Wednesday, April 27, 2011

Gattaca! (It's the future)

Recently we watched a movie in Biology to understand how important DNA can be. This movie told a story about one a man who lost opportunities to do what he really wanted to do because of a society where DNA was dominant. When he was born he was written off automatically because his DNA screamed out right away his defaults and his health problems. Vincent is our main character. And he dreams of going to Gattaca, the movie equivalent of NASA. His dream is to fly up in one of the ships and be among the stars. Now, because Vincent is an "invalid" he is kind of out of luck. His DNA from day one showed that he would have a 99% chance of heart disease and his estimated death was 30.2 years. What does this mean? No one wants to put the time and money into someone who is gonna drop dead any day now. Vincent's DNA causes all kinds of problems all throughout his life. So the important question here is...What does it mean if our world becomes dependent on our DNA? If EVERYTHING is determined by what your genetic code reveals. Would that be good for our world? Would it be helpful to the human race if we went that far?
Gattaca showed a world and shared a story of something that we are closer to than we think. One day very soon it might be one of us in the shoes of Vincent. Looking at a hard life just because our DNA is displayed all over. Available to EVERYONE. We would be judged, passed up because of what our DNA said. Is that fair? Obviously there are talented people who have rose above their "conditions" to have very successful lives, to better the world and human race. But if our DNA was cutting us down before we even had a chance to prove ourselves, wouldn't the world be missing out on a huge chance to better itself? So, alas! DNA and technological advance may not be so beneficial to us. It would definitely change the world...and how we view it.

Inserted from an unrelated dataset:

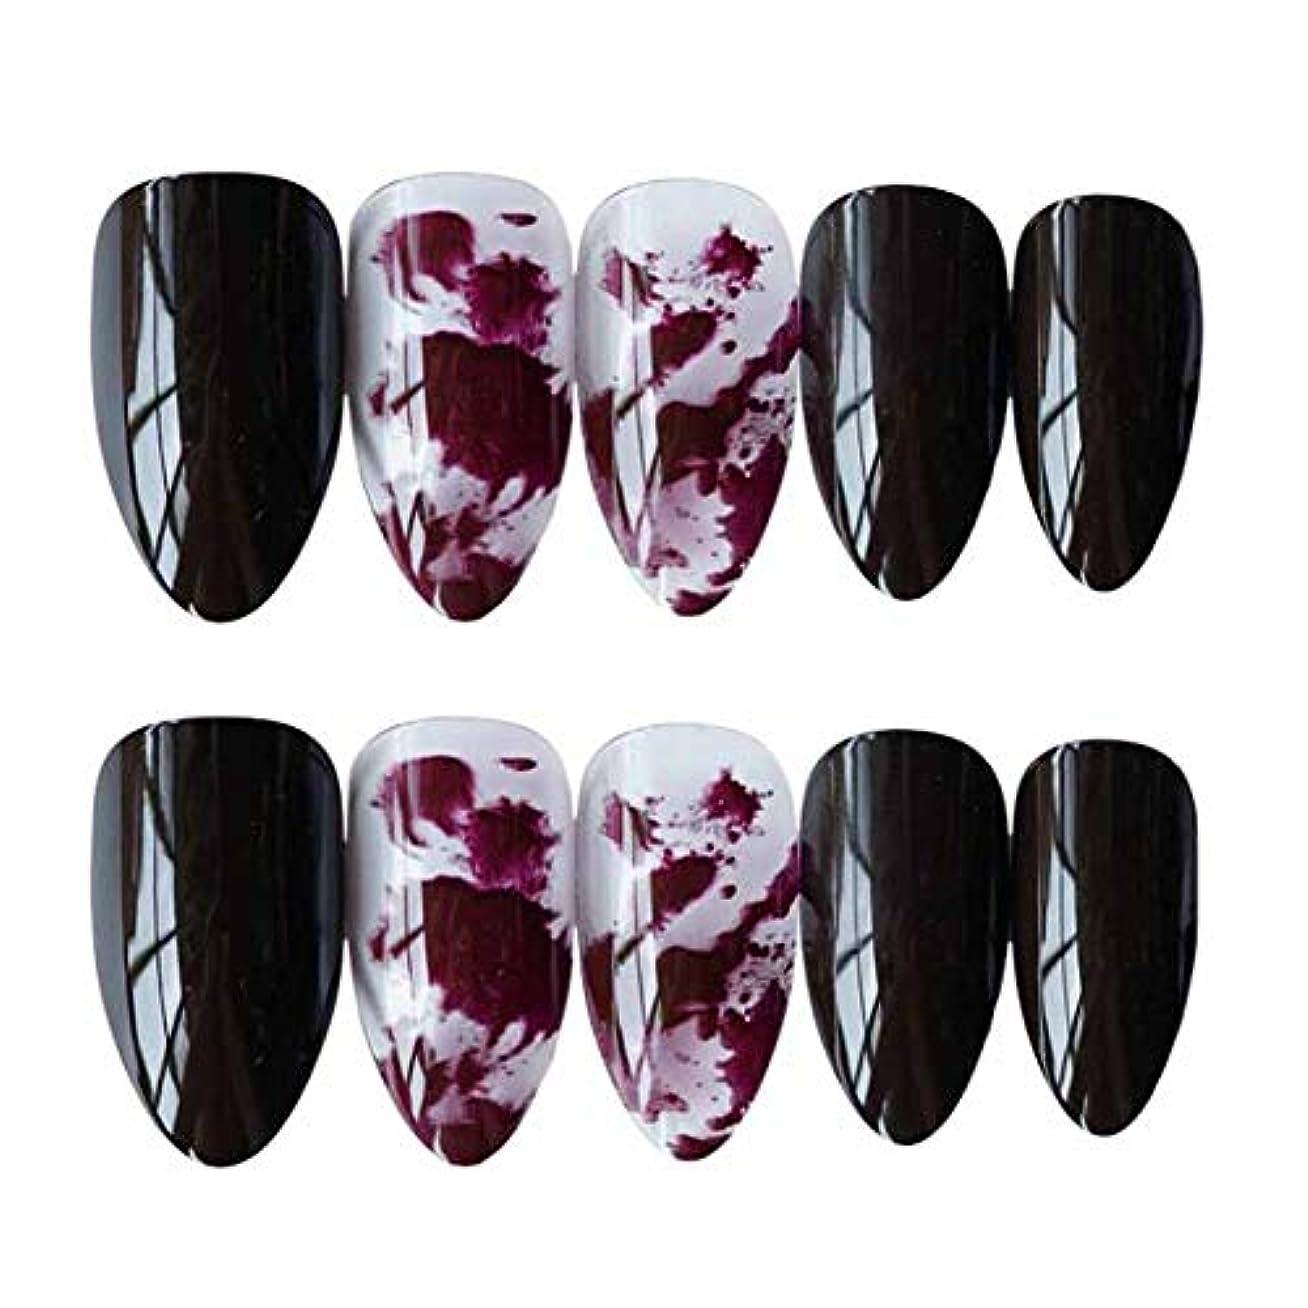 移住する団結する有彩色のスプラッシュインクダークレッド/ブラック 鋭い偽爪人工偽爪のヒント

I think when you watch this movie there is one character who really sums up what the movie is trying to point out. In the movie Jerome is the guy Vincent ends up turning to, the guy who gives Vincent his shot at the stars (literally). Jerome was the guy everyone wants to be. He was a magnificent swimmer, winning every medal he laid his hopes on. He was as healthy as a horse. His heart was in perfect condition and health. He had the ideal DNA. Then one accident put him in a wheel chair for the rest of his life. This character is important because he shows that even though he had the ideal DNA his life still didn't lead in the direction he thought it would. He ended up with a life he never expected. Now instead of living out the privileged life his DNA was promising to him, he is helping Vincent. Letting him borrow his ladder, or handing him his DNA. So that Vincent can pursue the life he never had a chance at. Jerome was my favorite character because his DNA didn't define him. His DNA meant nothing to his life now because of his injury, but he gave it away so Vincent could have something. I really admire that. It also shows that one day if our world is running on the information our DNA provides, we will still have people who mean something even though they are "invalid". And they will go against the grain with the help of others to make themselves into a "valid".

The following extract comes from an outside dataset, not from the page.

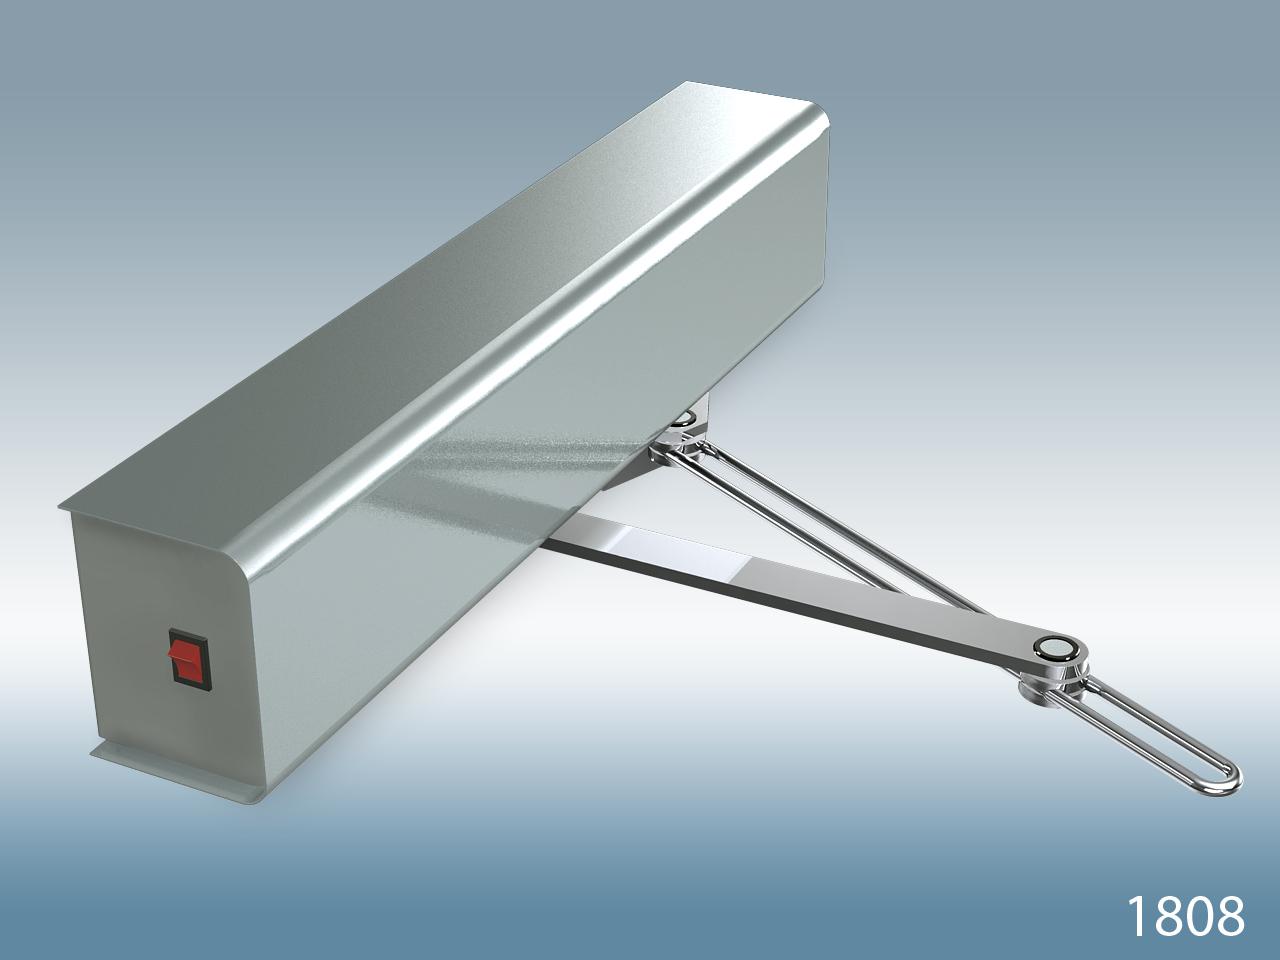 Delux swing door operator model 1808

So obviously Gattaca shows a lot about what the world would be like if we took DNA and made it a determining factor in the way our lives are led. Below is a trailer for the movie. It will help to explain characters and meaning of this movie. Hopefully it will give you an idea of some of the ideas and questions I touched on here.

Sunday, April 17, 2011

GTCAATC...etc.etc. Old School vs. New School

 DNA SEQUENCING

A couple weeks ago we started looking at DNA. And how it is sequenced. We learned about this in a couple different ways. First we did an activity with some nice old fashioned paper and pencil (It's wonderful to get back to the basics haha) This first activity was a simulation of a DNA sequencing gel. We had to read the DNA sequences for each patient. Then find the protein sequences. We would then compare those sequences to the sequences of the normal control. This would helps us to determine if a disease state was present in one of the patients. Abby, Bob and Carol were our three patients. And "Norm" was the normal DNA sequence we were looking at.
Sample of a DNA sequence.
 We first read the normal sequence and used a handy little chart to record the sequences. Norms read: ATG  GTG CAC CTG ACT CCT GAG GAG AAG TCT GCC.  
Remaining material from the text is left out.